As a service to the world, and in an attempt to prove that, like laughter, sport can serve as a universal language, we’ve written a handy guide that, with any luck, will help bridge the gap between these two groups, like the great relationship Bill Clinton fostered between the Israelis and the Palestinians. (A fair comparison, because fans and non-fans are two groups who will never, ever understand each other. For now, we’ll just make fun of both.)

“WE”

Plenty of fans use “we” when referring to a team: “We played well on Tuesday; we were this close to getting promoted; we saved money signing this rich arsehole for slightly less money than the other arsehole who wasn’t as rich.” Don’t do this unless you: 1) work for the organisation; 2) are semi-regularly making love to someone on the team; or 3) are on the team.

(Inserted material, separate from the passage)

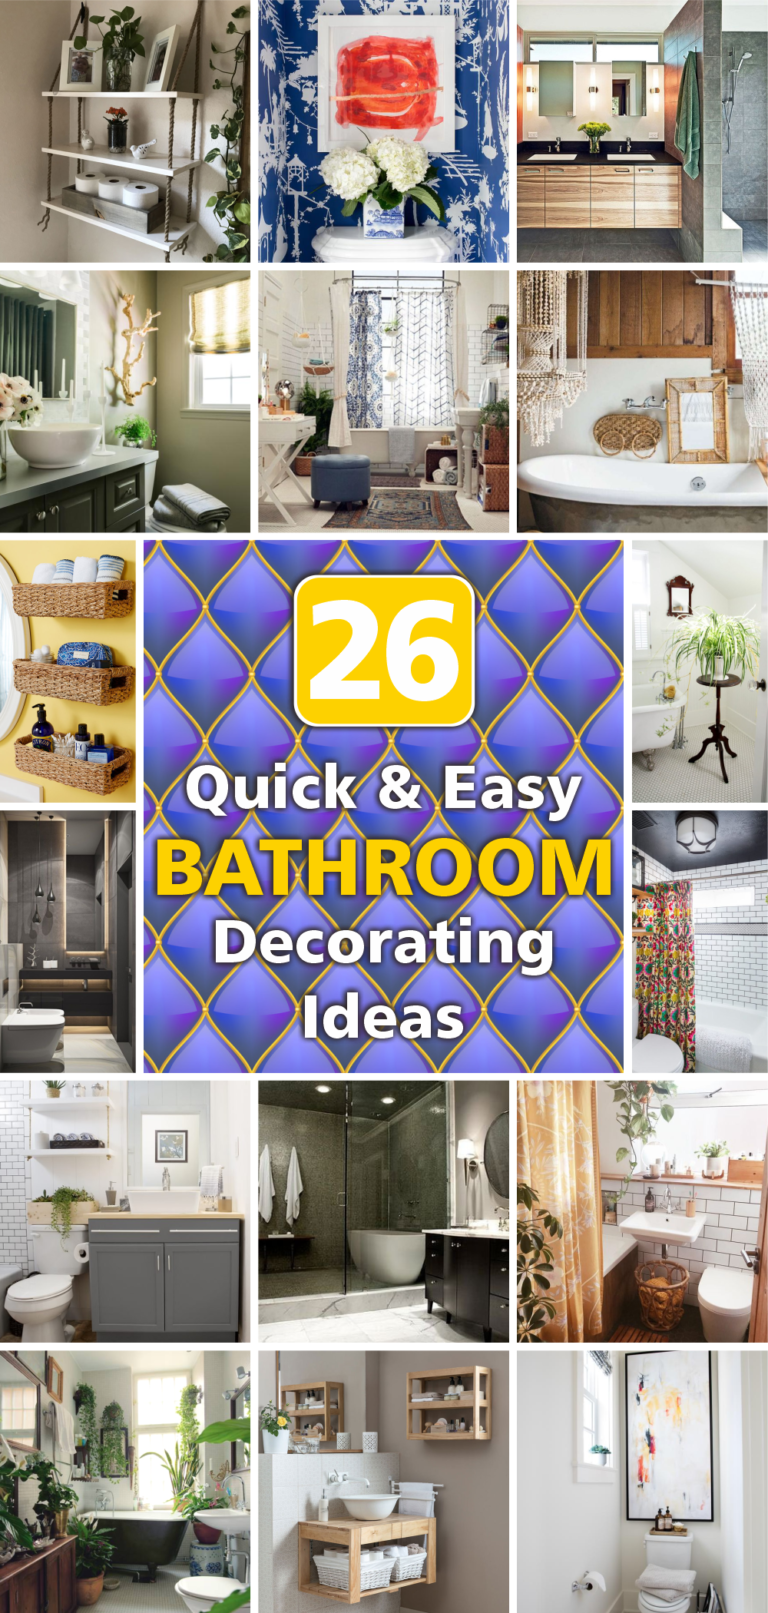 Get a Dazzling Change with 26 Quick and Easy Bathroom Decorating Ideas ...
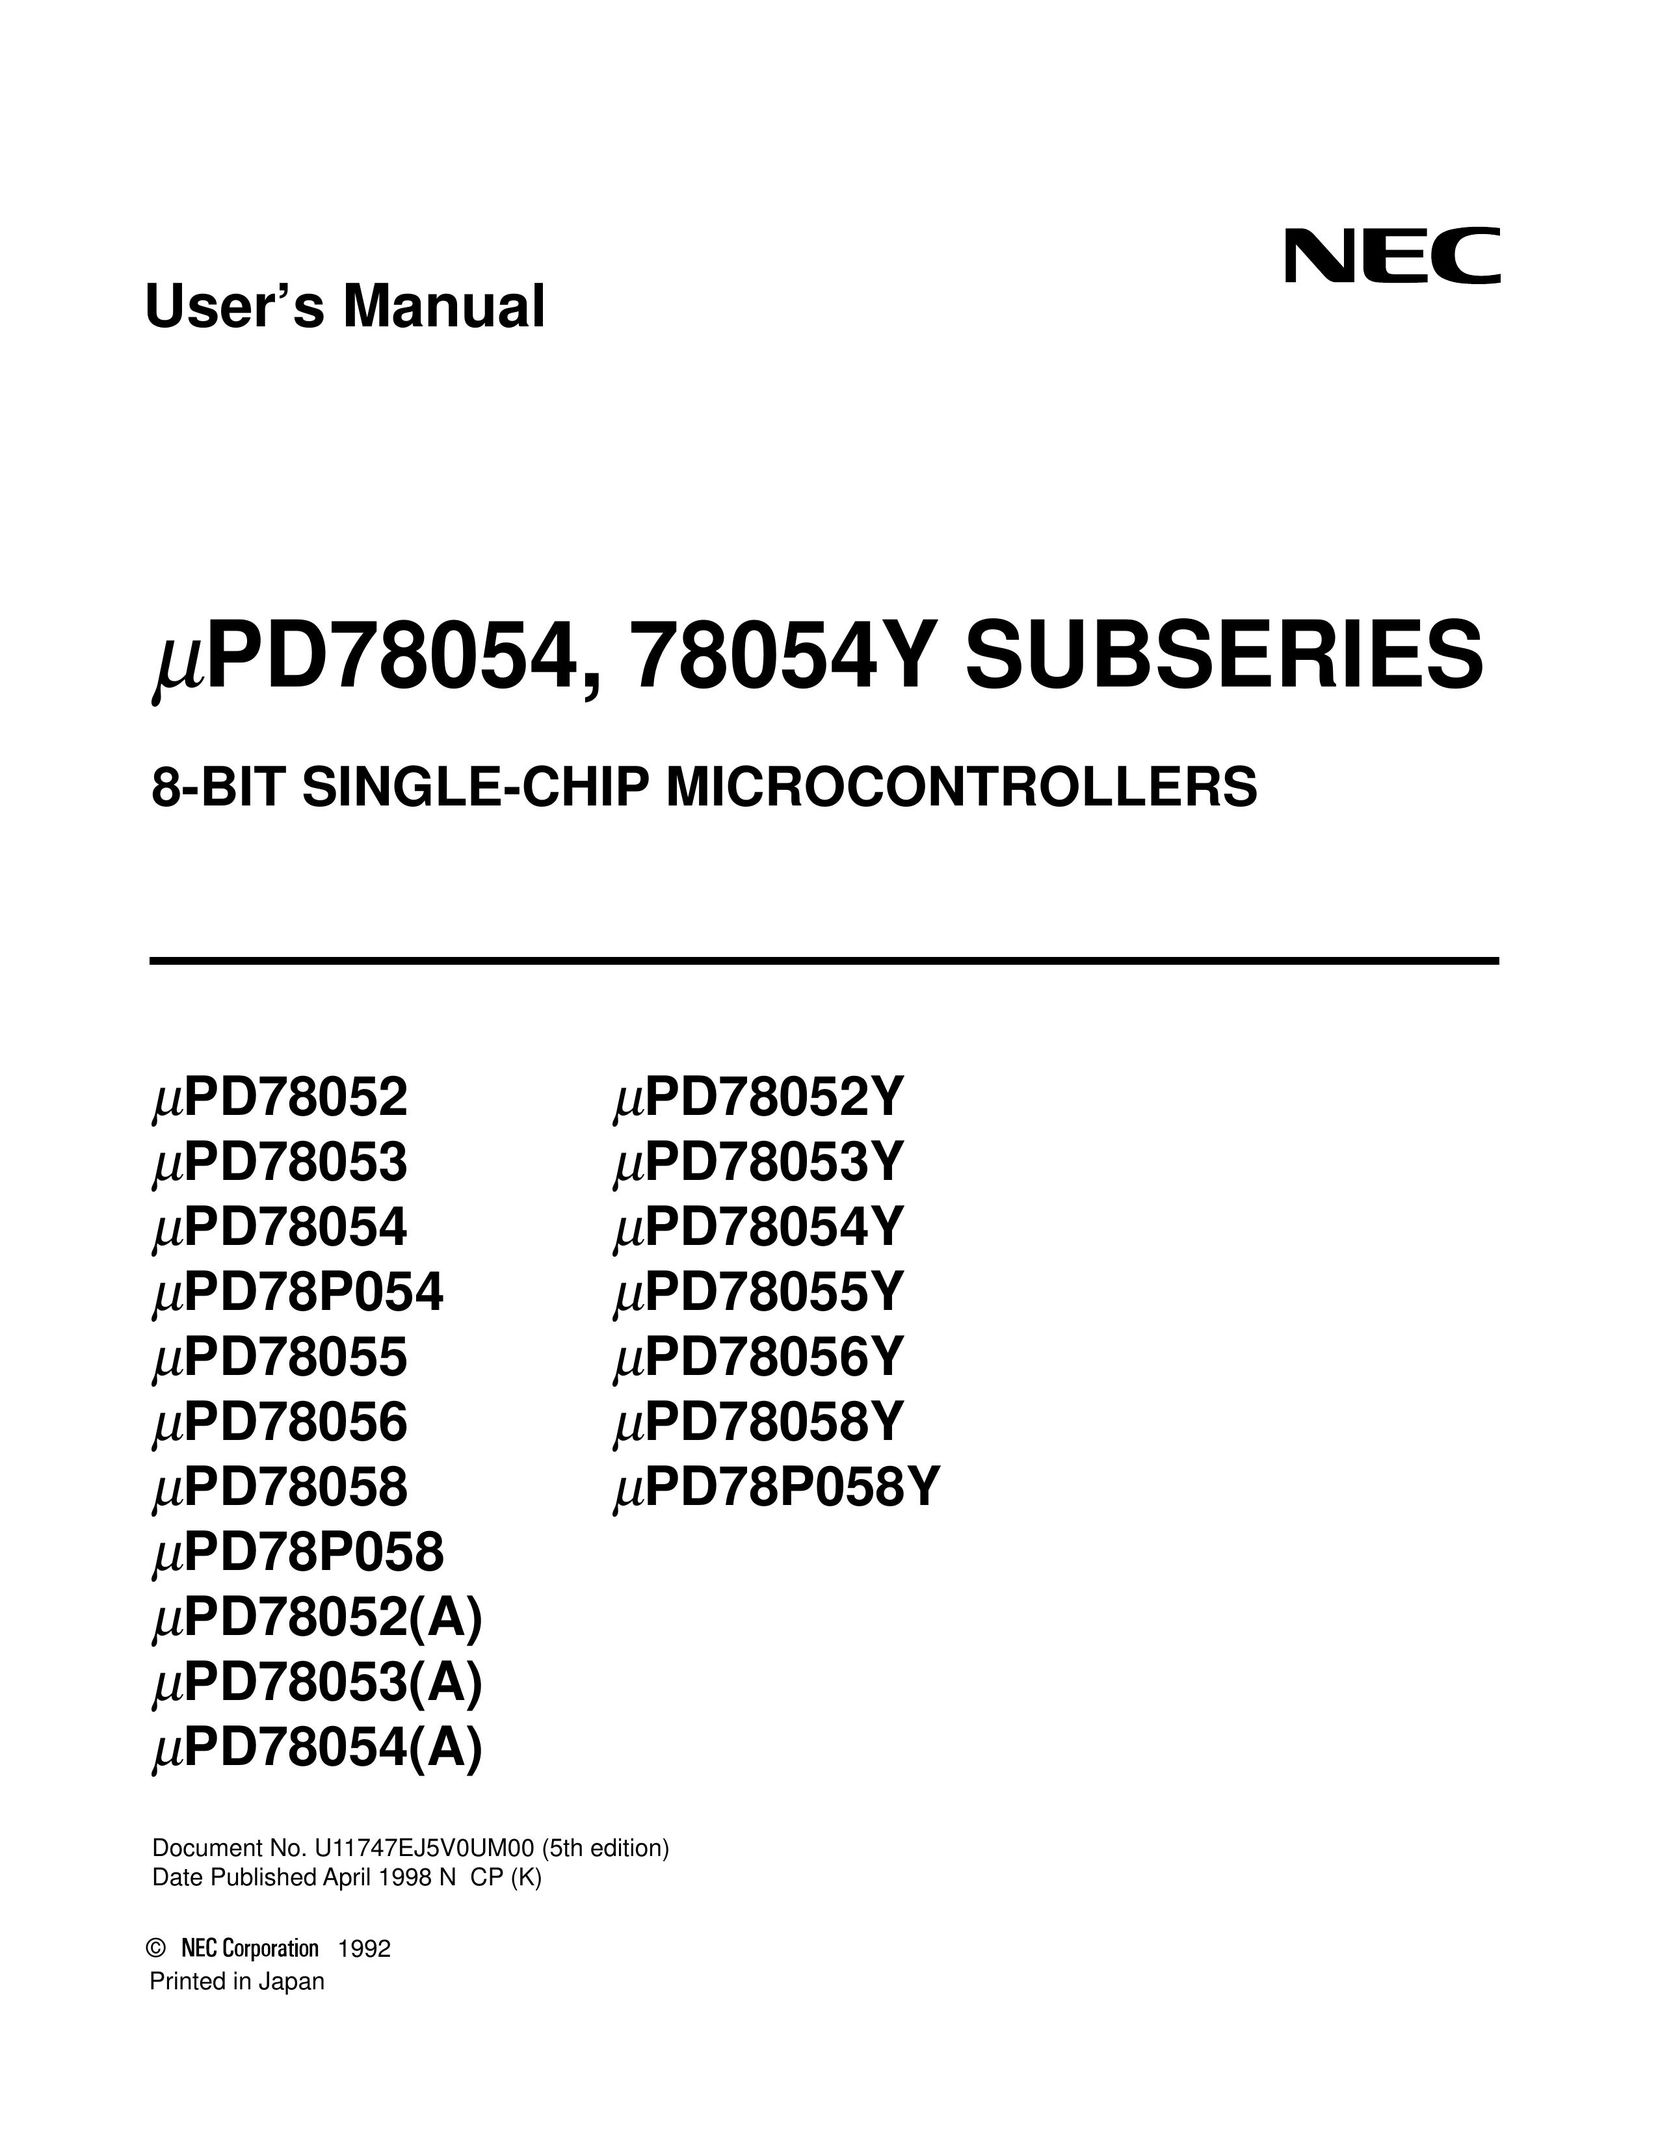 NEC PD78053Y Network Card User Manual

We understand that you like your team a tonne, watch every single game intently and are convinced you would be a far superior manager than whatever idiot is currently in charge, but as soon as half your team get bought up by the next status-obsessed oligarch to roll into town, you’ll be cursing yourself for imagining a bunch of stupid strangers actually had a stake in your sad, little walled-in life. They won the game. You sat on the sofa, devoured a bag of Cool Original Doritos and half-heartedly tried to masturbate to the annoying lady in the insurance advert.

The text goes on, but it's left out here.